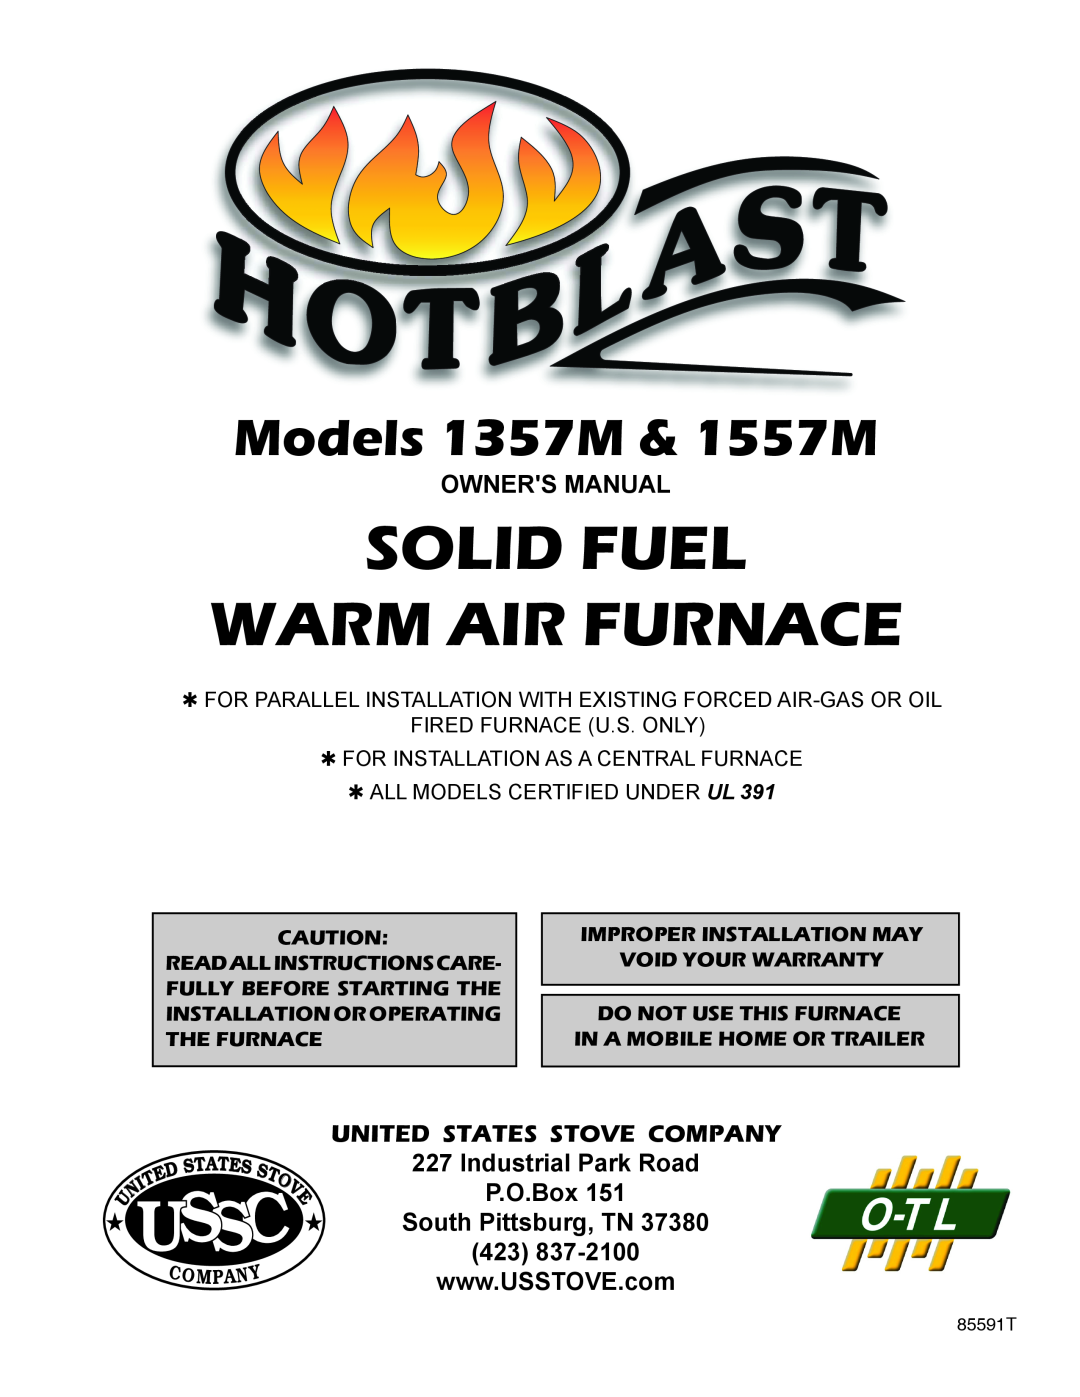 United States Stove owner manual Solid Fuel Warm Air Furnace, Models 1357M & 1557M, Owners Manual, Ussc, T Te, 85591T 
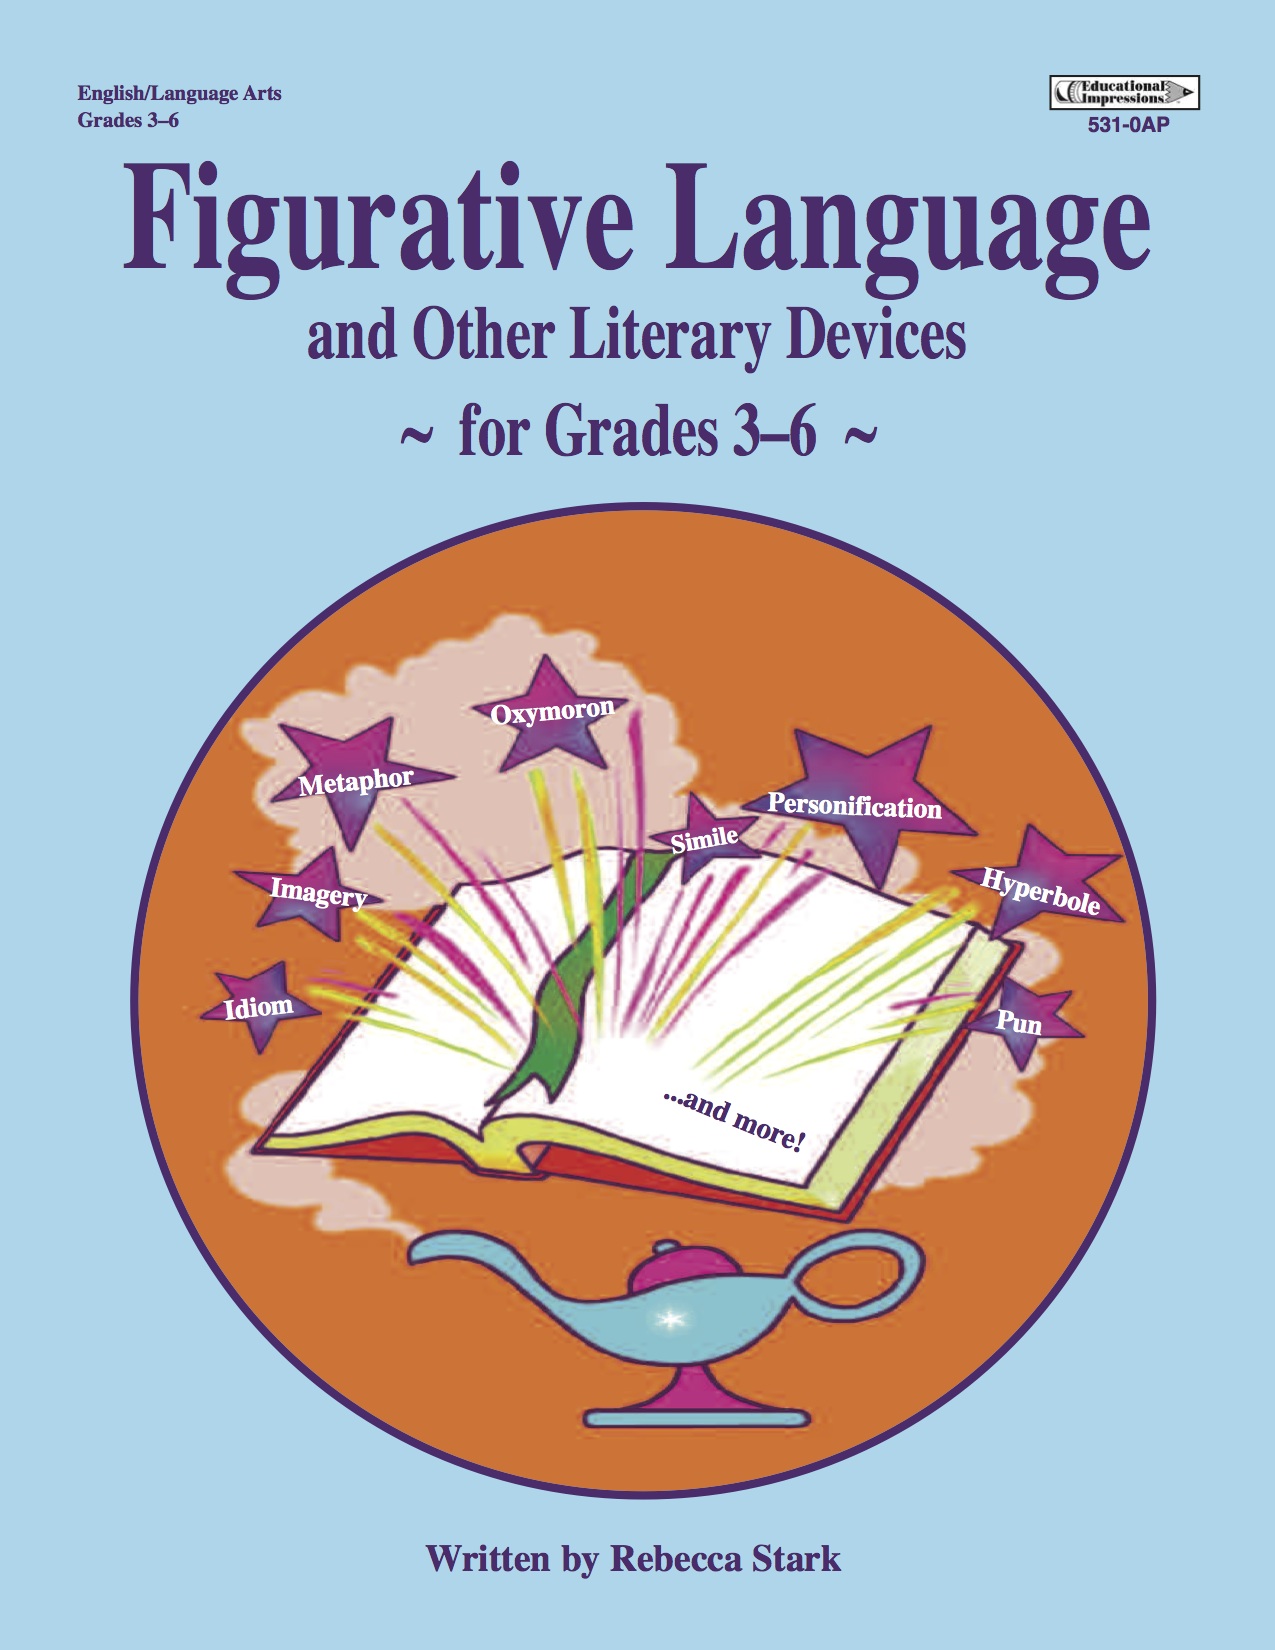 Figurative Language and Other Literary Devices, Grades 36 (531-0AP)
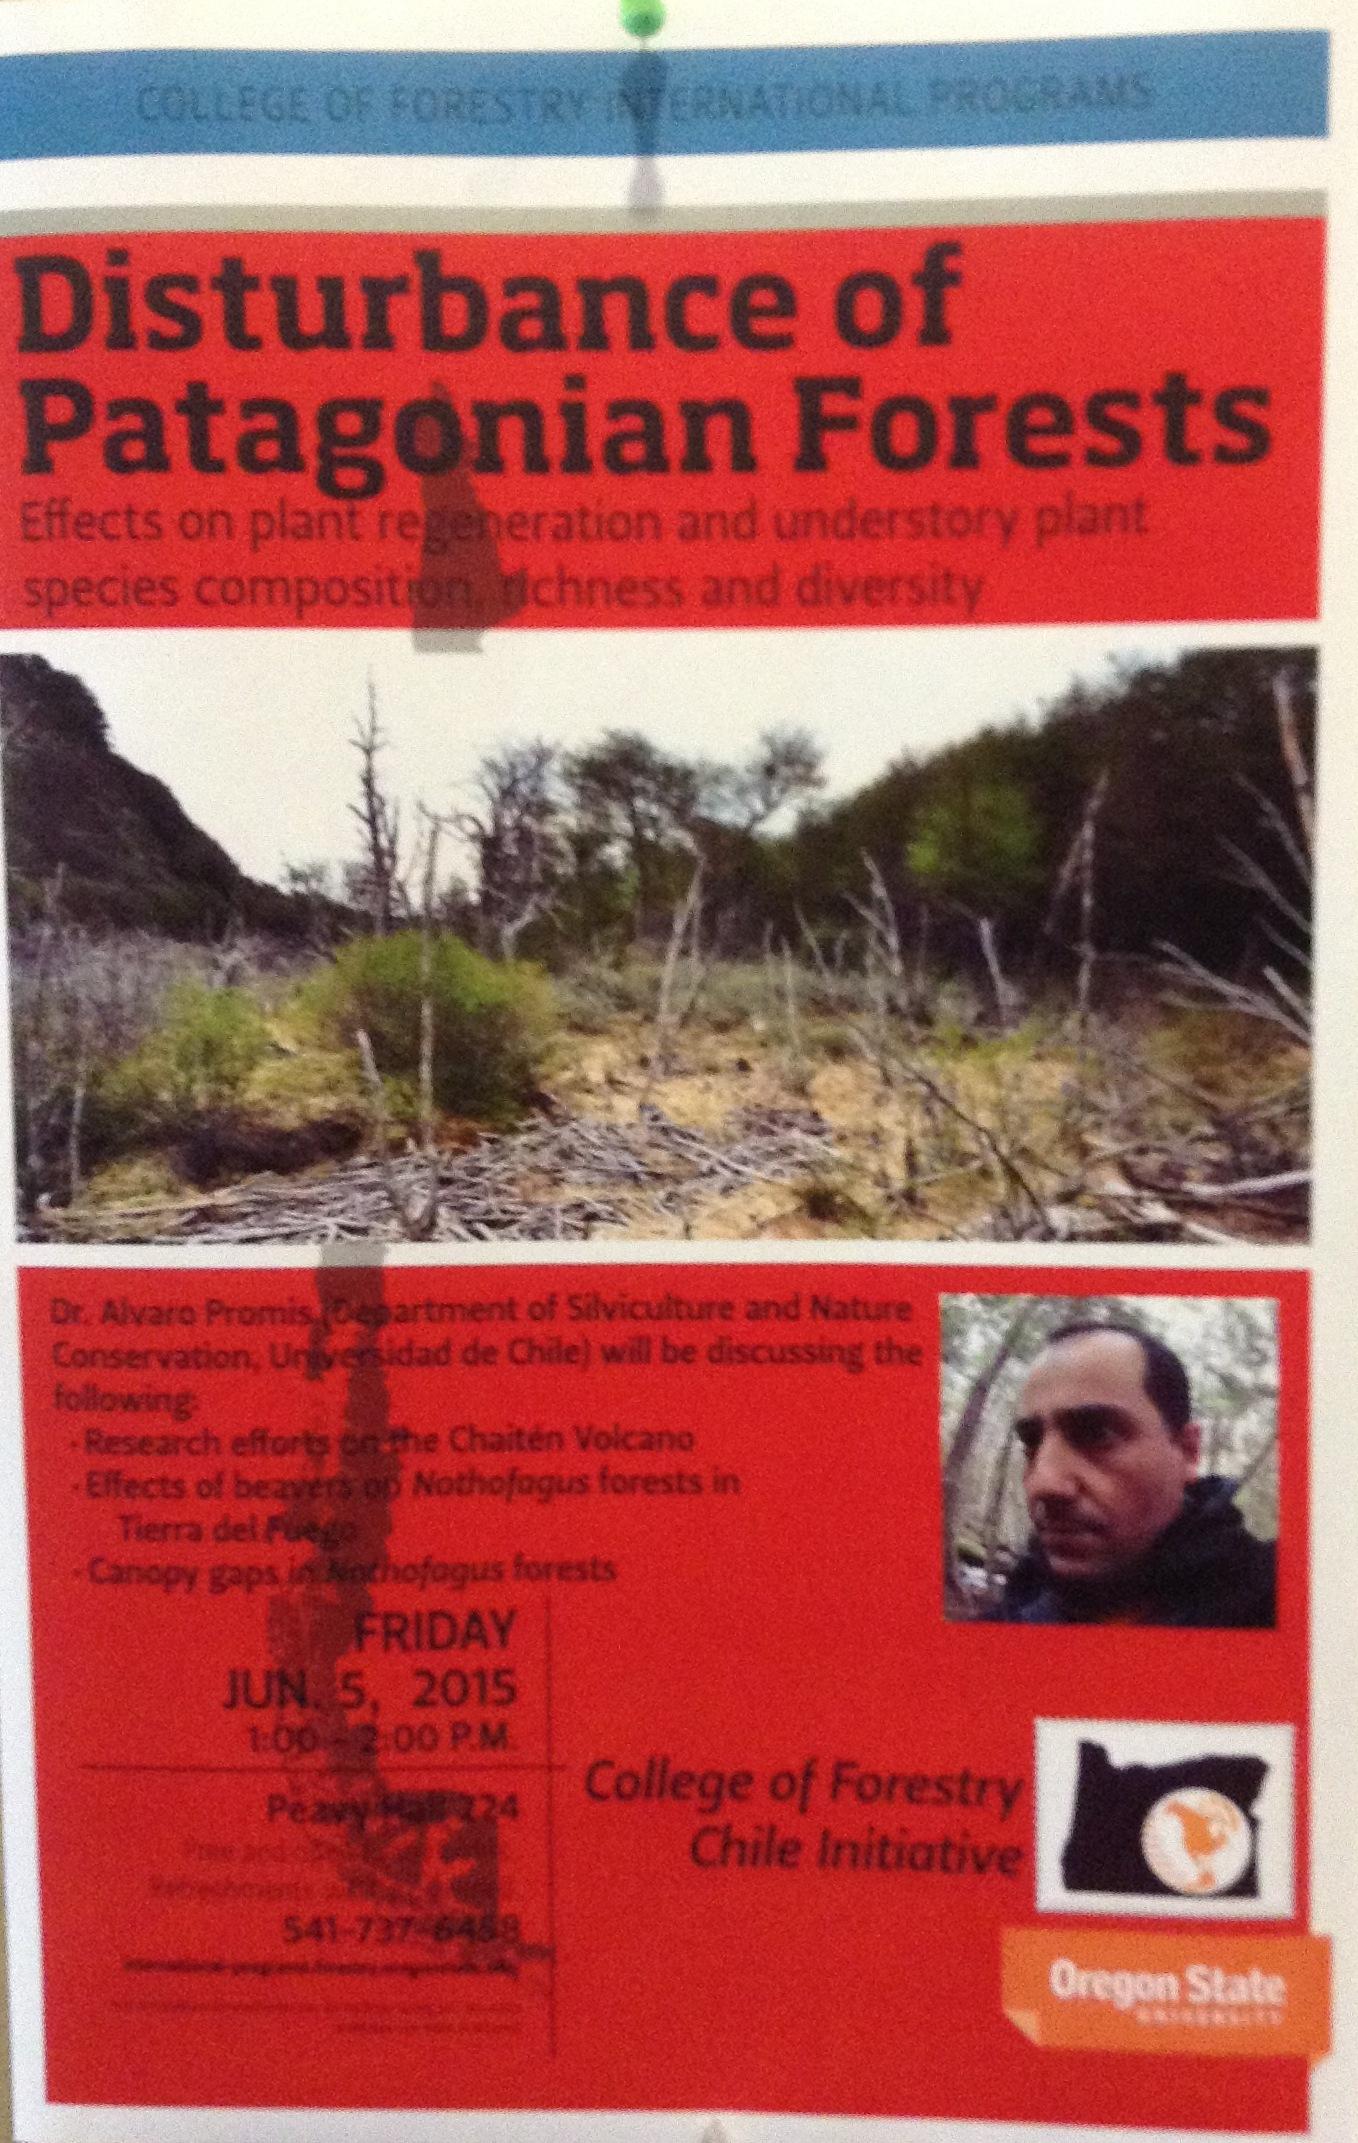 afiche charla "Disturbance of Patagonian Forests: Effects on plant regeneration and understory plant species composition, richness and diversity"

* Exercise details:
Omitting the images, copy the listing exactly.

* Result of the task:
 United States Stove owner manual Solid Fuel Warm Air Furnace, Models 1357M & 1557M, Owners Manual, Ussc, T Te, 85591T 
 Figurative Language and Other Literary Devices, Grades 36 (531-0AP)
 afiche charla "Disturbance of Patagonian Forests: Effects on plant regeneration and understory plant species composition, richness and diversity"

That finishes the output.